NEC MONEY TRANSFER LIMITED has been honored with the "Bangladesh Bank Remittance Award 2018" by Bangladesh Bank
The Bangladesh Bank on Monday (Date: 07 October,2019) gave the Remittance Award-2018 to 28 individuals, and eight banks and exchange houses for their contributions to the country’s economy by the way of sending foreign currencies to Bangladesh.
The award-giving ceremony was held at the Institute of Diploma Engineers, Bangladesh auditorium in Dhaka where finance minister AHM Mustafa Kamal, Bangladesh Bank governor Fazle Kabir, finance ministry senior secretary Md Ashadul Islam, expatriates welfare and overseas employment ministry secretary Md Salim Reza and BB deputy governor Ahmed Jamal were present.

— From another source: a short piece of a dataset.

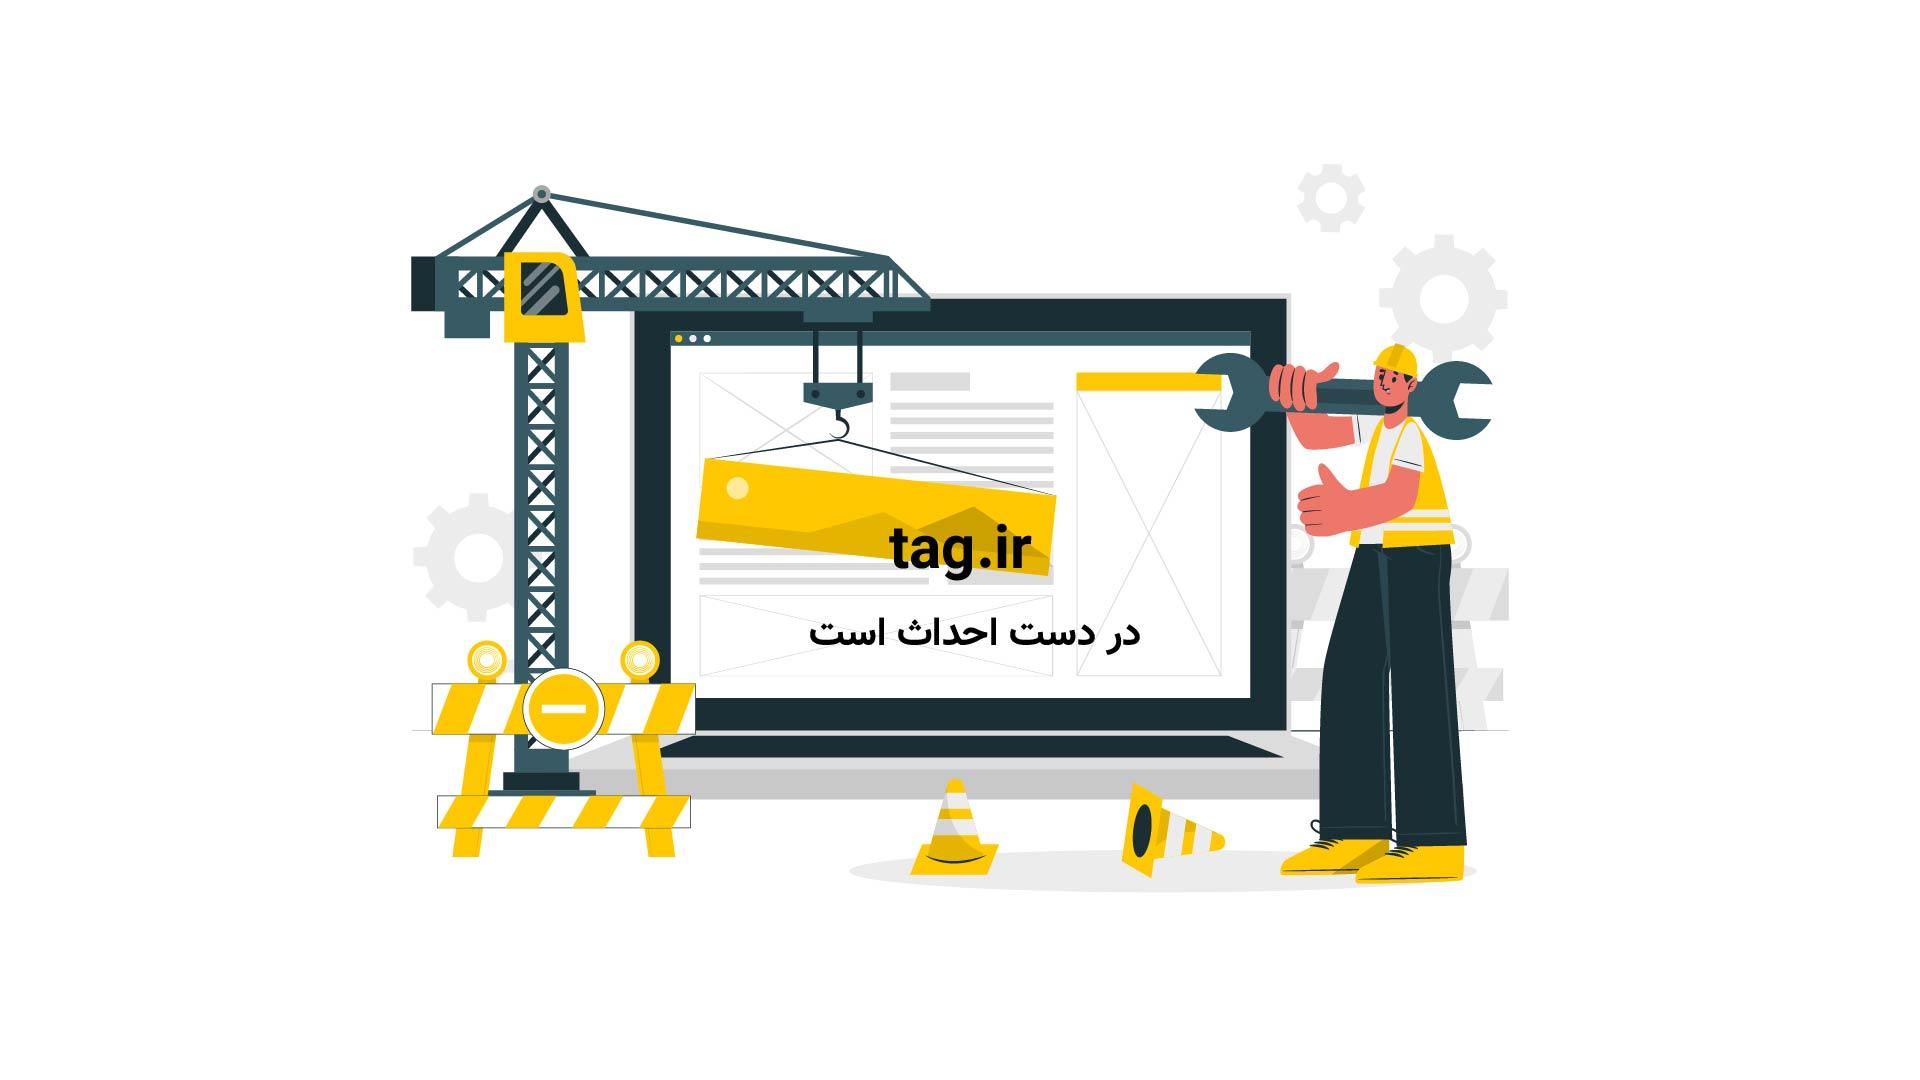 ساخت تابلو با مداد شمعی | تگ
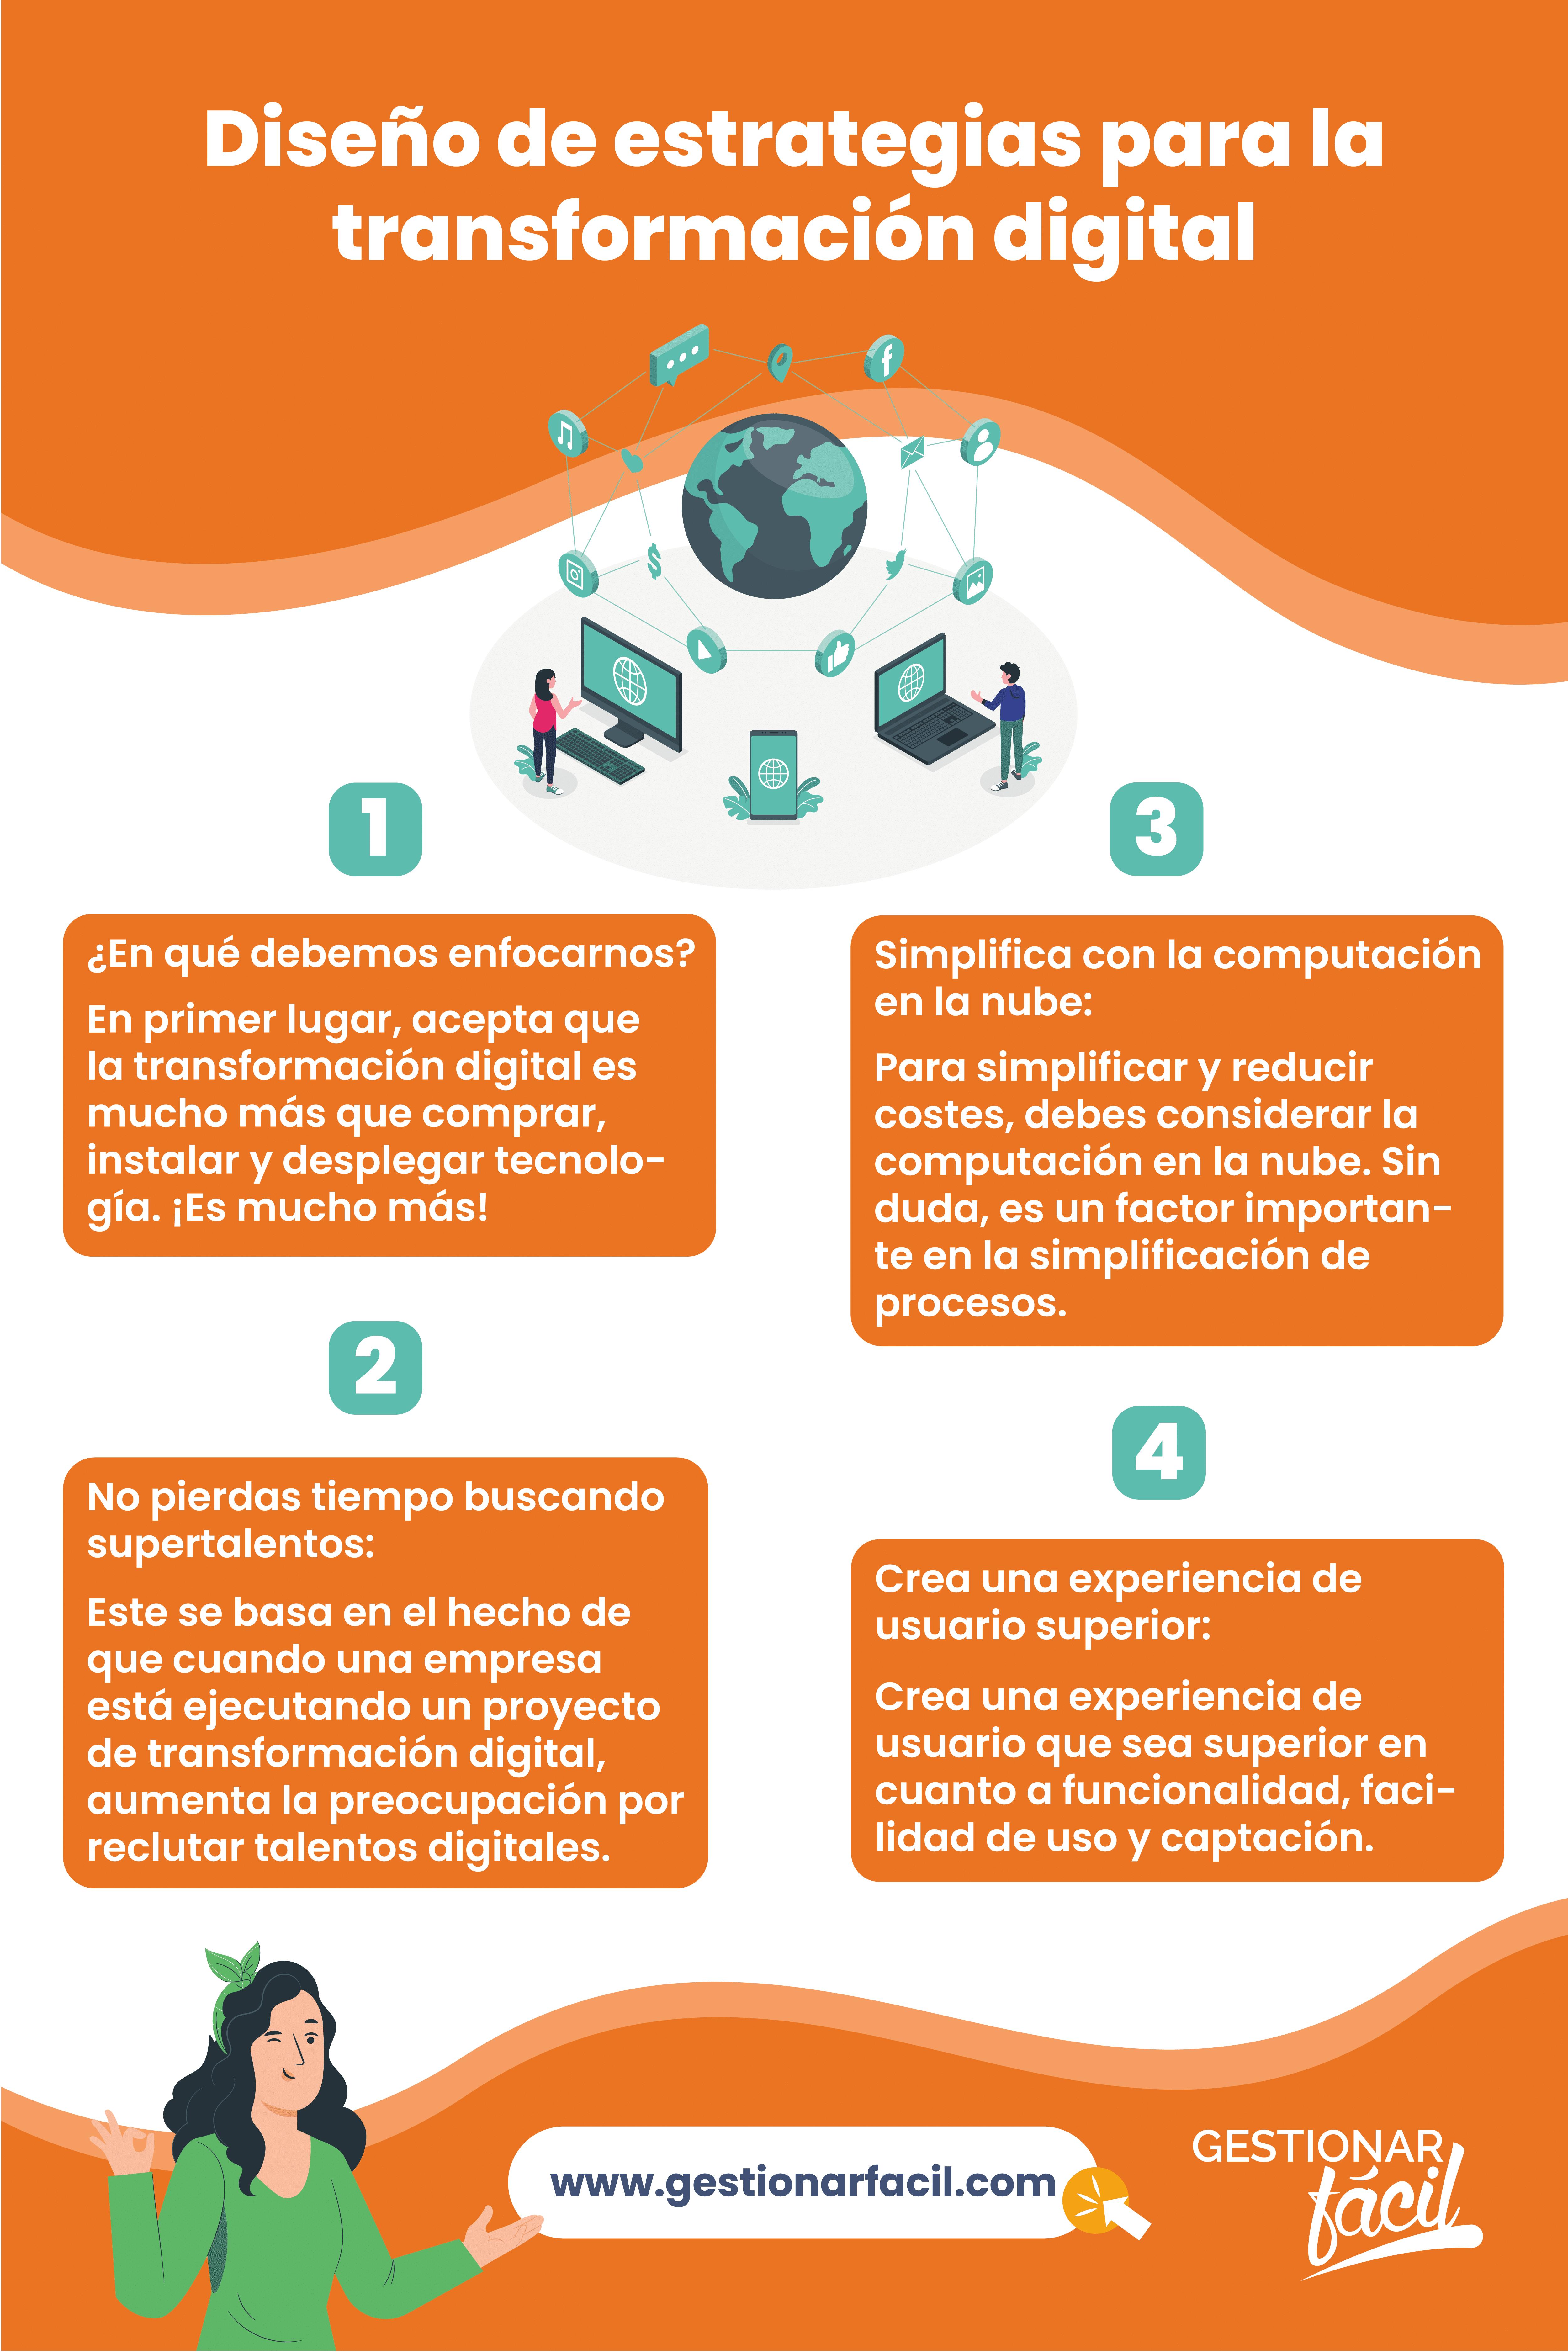 Diseño de estrategias para la transformación digital.

In the institution category, five banks & three NRB-owned exchange houses were given the remittance award 2018. NEC MONEY TRANSFER LIMITED has been honored with the "Bangladesh Bank Remittance Award 2018" by the Bank of Bangladesh as the highest remittance collecting institution this year (for the fourth time continuously).
The Honorable Chairman & CEO of NEC MONEY TRANSFER LIMITED - Mr. Ikram Farazy, Director – Dr. Anower Farazy Emon and Director - Mr. Monir H. Farazi Himel has received the Award from the Honorable Finance Minister Mr. AHM Mostafa Kamal, the Government of the People's Republic of Bangladesh and Mr. Fazle Kabir, Honorable Governor of the Bank of Bangladesh. In addition, the Country Director - Mr. Shamim Ahmed, Head of Operations - Mr. Osman Gani, and some Executive Officers were also present on the occasion on behalf of NEC MONEY TRANSFER LIMITED.
Mentioning remittance as a major pillar of the country’s economy, Kamal said that the government had introduced the 2 percent incentive for the remittance with the aim to encourage repatriation of money through legal channels.
The country has already started getting the benefits of the newly introduced policy to issue 2 percent incentive against inward remittance and there were incentives in place for exporters as well, said Fazle Kabir, adding, ‘Taking the situation into consideration, we do not think there should be any need for the devaluation of taka.’